Les komsorgs, des intermédiaires

Le champion à qui incombe la fonction de komsorg joue un rôle d’intermédiaire et de lien entre les différentes institutions (Komsomol, parfois le Comité soviétique chargé de la culture physique), les différents acteurs de la préparation sportive (entraîneurs, médecins, responsables de délégation) et les athlètes. Ce rôle d’intermédiaire lui impose toute une série de devoirs et d’activités qui viennent s’ajouter à son activité sportive. Il sert également de canal d’information entre les différentes institutions.

Afin de préciser les tâches qui lui sont attribuées, le komsorg est convoqué, en particulier dans les périodes précédant les Jeux olympiques, à des réunions supplémentaires : séminaires de formation en compagnie des entraîneurs pour préciser les attentes et les programmes de préparation politique [44] , séminaires des komsorgs des équipes nationales sur l’organisation du travail politique avec les membres des équipes olympiques [45] . Lors de ces différentes séances, il assiste à des conférences rassemblant aussi bien des artistes (le clown Yuri Nikulin, l’écrivain Lev Abramovič Kassil’ [46] ) que des dirigeants du komsomol (secrétaire du Comité central du Komsomol [47] , directeur adjoint du département du sport et du travail de défense de masse du comité central du VLSKM [48] ). Ces réunions ont, comme objectifs premiers, de renforcer la préparation politique de ces derniers et de mieux définir leurs attributions. Le lien avec le comité central du VLKSM est évoqué également en ce qui concerne la validation du programme de préparation politique pour laquelle ils rencontrent des dignitaires du komsomol en compagnie de l’entraîneur principal [49] . L’apparition même de ces réunions, la réalisation de documents-guides et d’échanges d’expériences entre les komsorgs expérimentés et les autres peuvent à l’inverse témoigner du manque d’efficacité du travail du komsorg et de la nécessité de régulièrement rappeler et borner les contours de leurs actions. Le contrôle des plannings de préparation politique en haut lieu, après la prise en défaut du komsorg de l’équipe de lutte libre lors d’un stage de préparation aux Jeux olympiques de Munich [50] , étaye cette idée [51] .

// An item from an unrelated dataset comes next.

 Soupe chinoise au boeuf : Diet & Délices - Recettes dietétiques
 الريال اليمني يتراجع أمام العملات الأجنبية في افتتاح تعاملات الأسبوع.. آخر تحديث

Les komsorgs en tant que secrétaires du komsomol de l’équipe sont également les destinataires de toute une série de documents du comité central du VLSKM (lettre, missive précisant leur fonction, planning de travail) [52] . Inversement, ils soumettent à leurs supérieurs du département de sport et du travail de défense du comité central du Komsomol des rapports sur les stages auxquels leur équipe a participé [53] . Néanmoins, il n’est pas dans leur intérêt de mettre trop l’accent sur les infractions de leurs coéquipiers, témoignages gênants de l’inefficacité de leur travail.

D’autres tâches administratives leur incombent : ils participent à la réalisation de dossiers, au paiement des adhésions [54] . Ils peuvent également servir d’intermédiaires entre l’équipe et les familles : ainsi, le komsorg est chargé de rencontrer les parents des nageurs pour leur expliquer le déroulement des compétitions à Mexico et la signification des victoires des sportifs soviétiques [55] .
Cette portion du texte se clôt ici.